In plain language, Aliyun users write a template containing operation and maintenance logic, submit it it to OOS, and then OOS in the cloud to execute the operation and maintenance logic in the template as a user.

Aliyun OOS public templates are already available in GitHub

For more information, please refer to the previous article. Aliyun’s blockbuster release of Cloud Automation Tool – Operations, Maintenance and Arrangement OOS
Or refer to Operations and Maintenance to compile official help documents

Three basic concepts of privilege: user, authorization policy, and role

First of all, users are accounts. This concept is well understood. Users are divided into two categories: main account and sub account.

Users on Aliyun will register a cloud account when they first use Aliyun service. The account generated by this registration is called the main account, which can be understood as root account and has the highest privileges.

Next, if a user with a primary account wants to create a subaccount, he or she needs to launch a cloud product called RAM (Resource Access Management). After opening RAM, you can create sub-accounts on the RAM console. The purpose of creating sub-accounts is to restrict the rights of sub-accounts and avoid the risk of abuse and disclosure of root accounts.

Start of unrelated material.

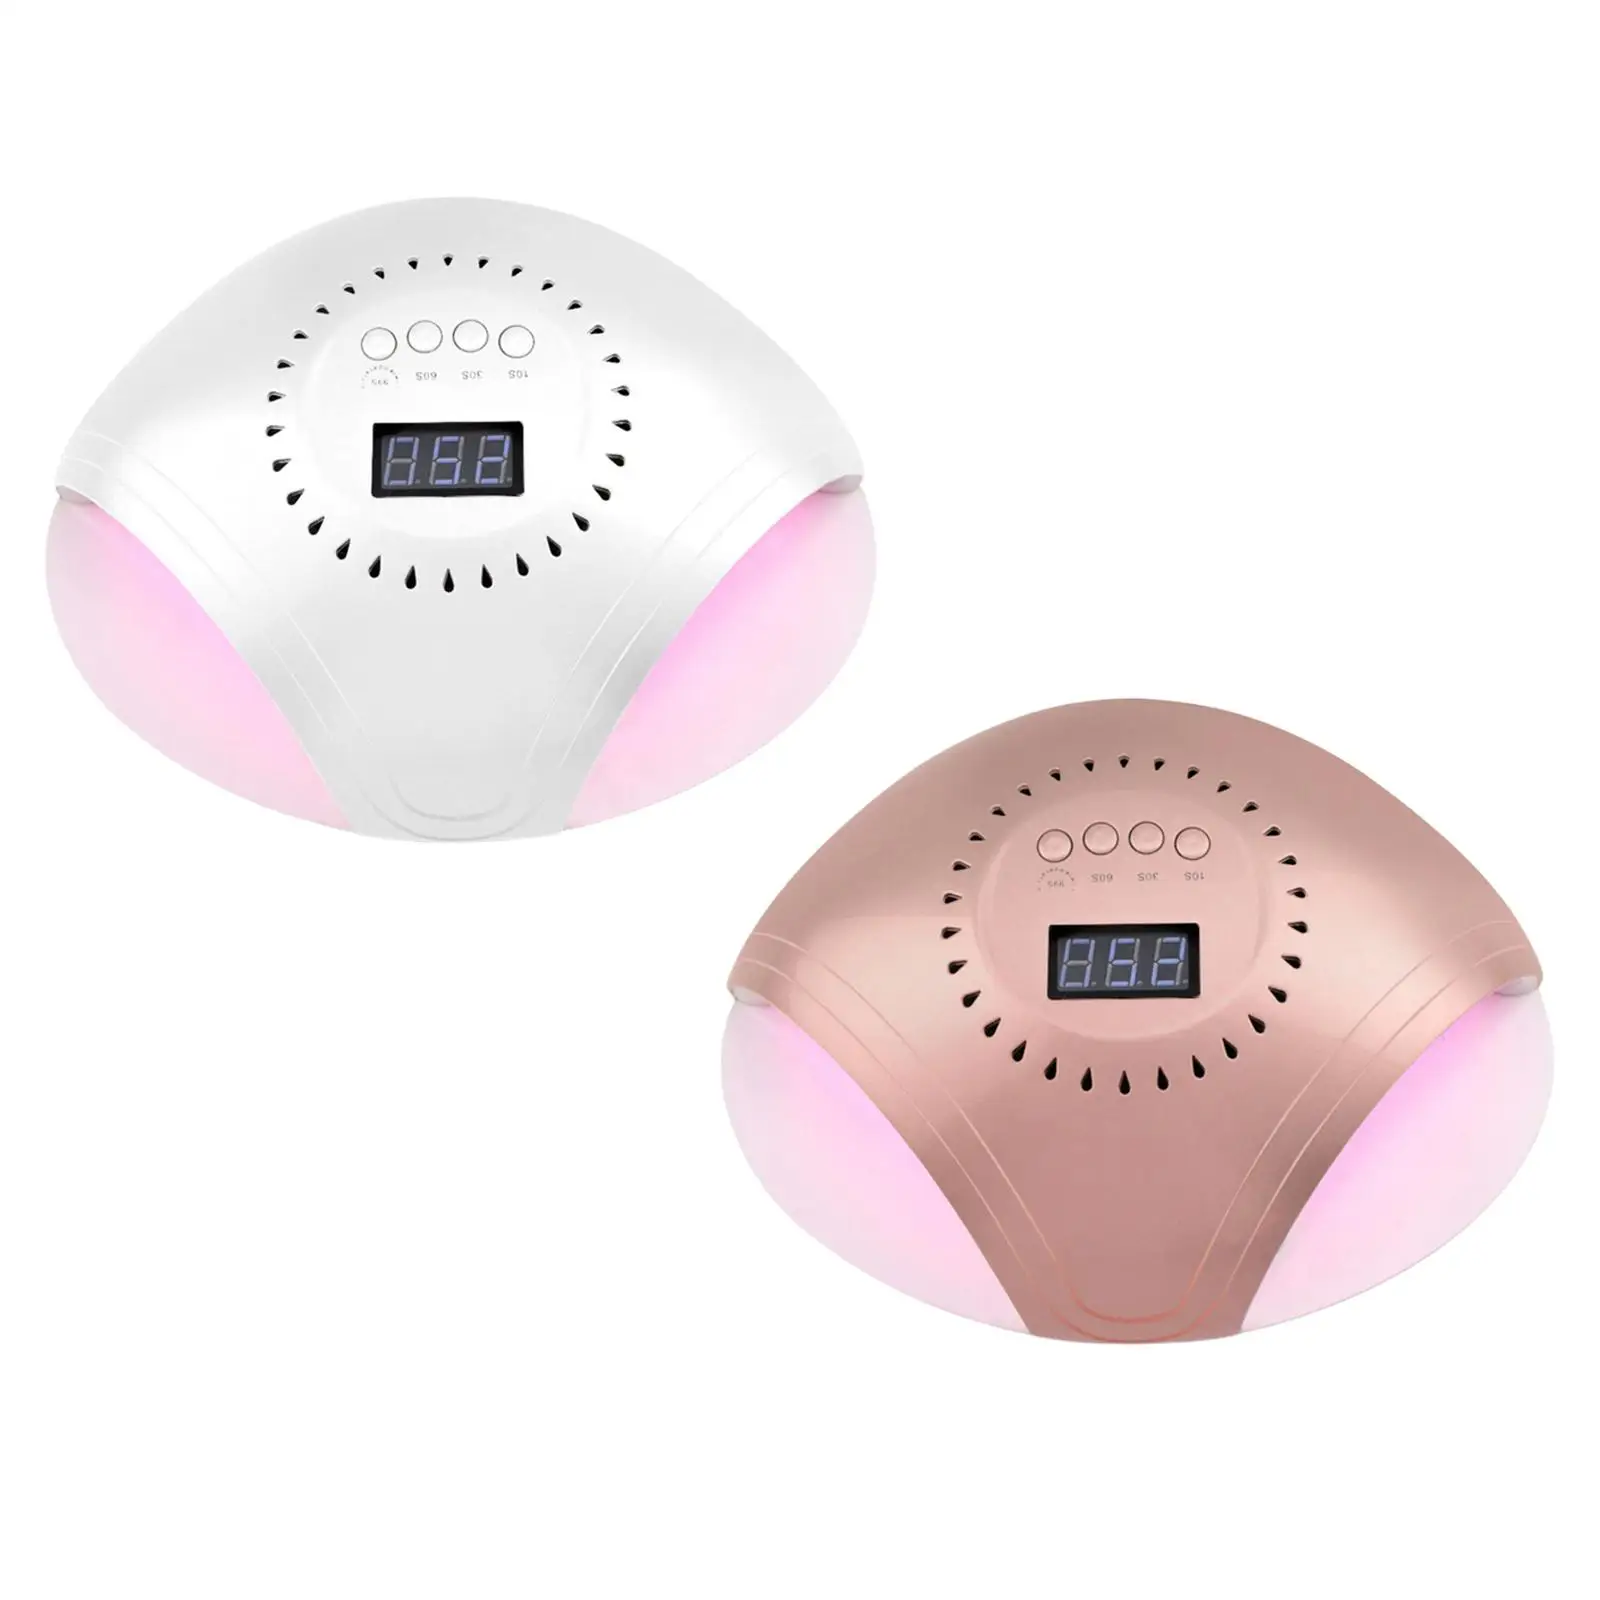 UV LED Nail Lamp Two Hands Auto-Sensor 86W Professional Larger Space Gel Lamp UV Light for Manicure Foot Drying Nails Girl Woman

So, how to limit the rights of sub-accounts? Here we need to introduce the concept of authorization policy. Authorization policies represent a set of privileges, such as the set of privileges to create destroy start-stop for ECS. Authorization strategies can also be divided into two categories, one is the built-in system authorization strategy in Aliyun, the other is user-defined authorization strategy. OOS service includes two system authorization policies by default. One is called OOS Full Access, which is equivalent to having all the permissions of OOS service. The other is called OOSReadOnlyAccess, which is equivalent to reading only OOS templates and historical execution data, not modifying templates or starting execution.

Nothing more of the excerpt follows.